Cybercrime in Australia: 20 Years of In-Action
Nigel Phair's exploration of cyber-crime and what Australia needs to do to stop it.

With 300,000 cyber-crimes each year, costing over $42 billion, Australia has less than 100 dedicated cyber-crime investigators. Do you think Australian police forces are investing adequately in the fight against cyber-crime?

I think it comes down to culture, particularly at the state and territory policing levels. Police commissioners are focused on news headlines and allocate resources accordingly.

I don’t think the upper echelons of our policing agencies fully appreciate how much time we, as citizens and consumers, spend in the online environment. From first thing in the morning, to last thing at night, we are online doing a range of personal and professional things. We need to think of the internet as another public place – just like an online ‘town square’.

Only when the upper echelons of law enforcement fully understand how much we use the online environment, then will they begin to understand the extent to which crime is perpetrated through that environment. At that point will they start dedicating more policing resources to fighting cyber-crime.

So, in the meantime Australian businesses are left to fend for themselves?

Essentially that’s right.

We should replicate our traditional offline policing methods in the online environment.

As a nation, we have many online policing challenges to address - so yes, businesses need to protect themselves.
Nigel Phair
Director, Enterprise - Institute for Cyber Security, UNSW

If you think of a bricks and mortar business, like a shop or a factory, they take physical security measures, such as locking their doors or running CCTV. They take responsibility for making sure everything is secure.

Businesses need to put that same level of thinking into their online environment – it’s all about risk management.

They need to think: “I have a customer database, I have unique intellectual property, I have an online sales platform…What do I need to do to protect that as best I can and become a resilient business?”
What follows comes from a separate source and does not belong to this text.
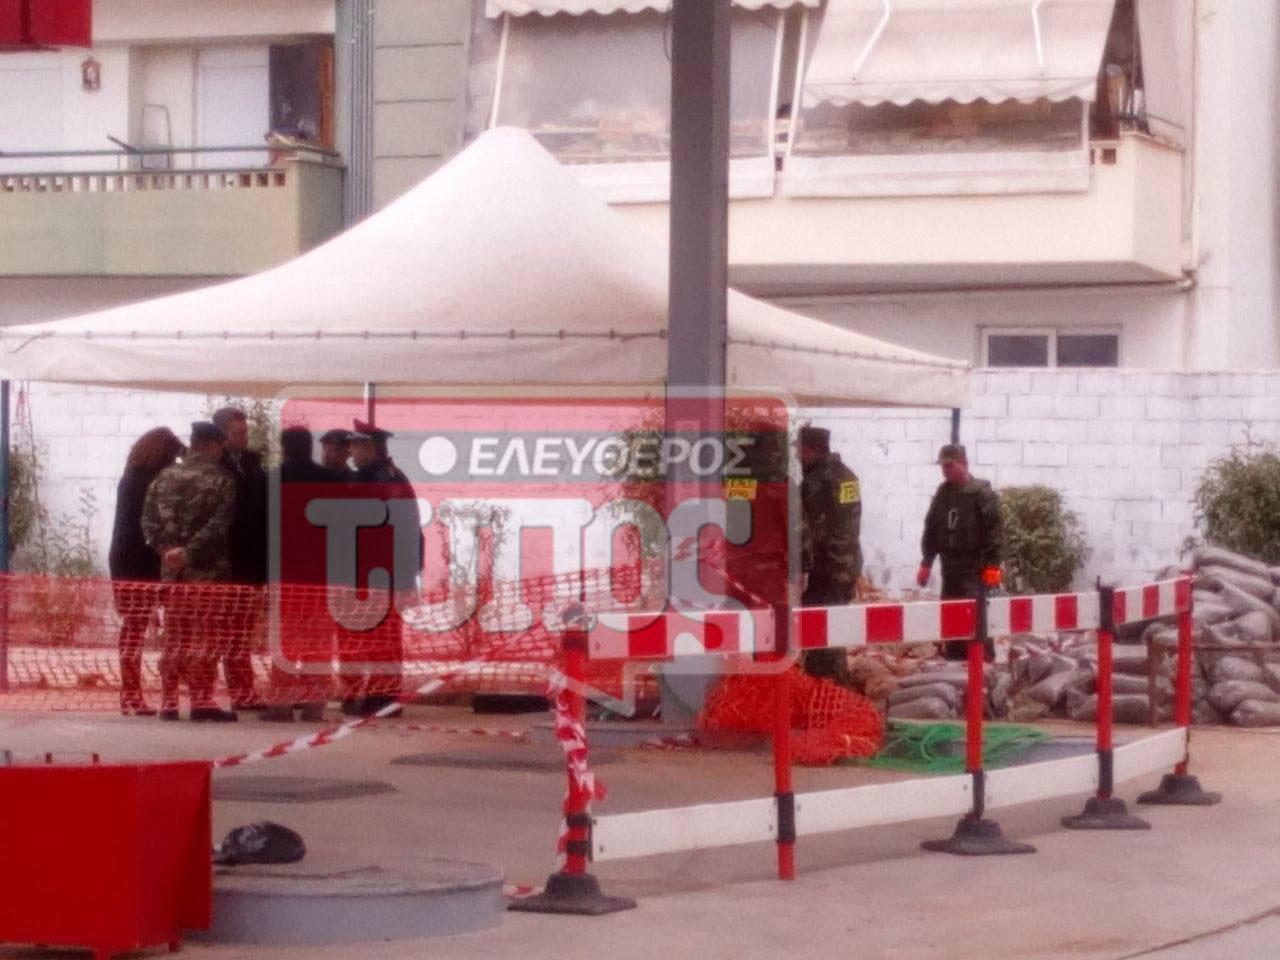 purotexnourgoi-vomva-1 Λήξη συναγερμού στο Κορδελιό - Επιστρέφουν οι κάτοικοι

You argue Australia needs a dedicated cyber-crime strategy, distinct from our national cyber security strategy. What is the difference between the two, and is this division something that should be replicated within the private sector?

Cyber security has become a catch all phrase. Many businesses are rightfully creating a cyber security strategy.

I make the distinction between the two because a lot of the focus is on cyber security threats. However, we are not focused as much as we should be on the low-level cyber-crime threats, such as fraud and scams, most of which are never reported to authorities. We estimate only one in five such cyber-crimes is being reported.

Both police and business need to recognise the threat from lots of low-level cyber-crime. Organisations need to develop strategies of how to avoid cyber-crime, just as they fight crime in offline environments.

Given the levels of fraud and scams, should an organisation’s CFO or CISO take responsibility for its cyber-crime strategy?

Definitely the CFO.

The CFO is focused on the dollars and cents. So, that’s the person who should be in charge of the cyber-crime strategy.

It’s the CFO who should oversee the risk assessments and conduct the cost-benefit analyses when it comes to investing in cyber-crime mitigation.

 

Because cyber-crime is all about fraud and scams, and businesses need to protect their money, the CFO is the logical individual in an organisation to oversee the development of a cyber-crime strategy.
Nigel Phair
Director, Enterprise - Institute for Cyber Security, UNSW

Are Australian CFOs equipped to develop cyber-crime strategies?

On the whole – no.

Of course there are some exceptions. But it all starts with having the right culture.

Some 97% of the businesses in Australia are small businesses. They are busy trying to run their businesses and cyber-crime is not their focus. As a country, we need to do a lot more thinking into what constitutes ‘risk’ in an online environment.

What policies could we be implementing to help businesses?

I think we do some things really well. And some things not so well.

So, when I look at the Australian Cyber Security Centre (ACSC), and their Joint Cyber Security Centres (JCSCs) around the nation, I think there’s a really positive aspect. However, they are mostly focused on larger businesses. Larger businesses usually have the wherewithal, and the ability, to create and implement cyber-crime strategies.

I would like to see law enforcement work more closely within the JCSC framework to support small to medium businesses.

Crime prevention is an essential function of policing. It’s a lot more efficient for police to prevent a crime rather than investigate it after the fact. That same focus on crime prevention should be applied to the online environment, with a greater focus on small to medium businesses.

I would like to see law enforcement embedded within the JCSCs to reach out to small to medium businesses, giving them the tools, techniques and advice they need. I think that would be a really valuable part of a whole-of-nation strategy to reduce cyber-crime.

With the rapid increase we are seeing in Business Email Compromise, are businesses taking the lead in training their own staff on email risk awareness?

‘No’ is the answer.

Some businesses are doing email security well, but the majority are not even looking at it.

Unfortunately, we still have a culture of “it won’t happen to me” – people think that cyber-crime is something that happens to other businesses. That’s why we have over 300,000 cyber-crimes a year.

That number will keep going up until businesses actually decide to do something about it.

Nigel Phair, thank you for joining Eftsure in conversation.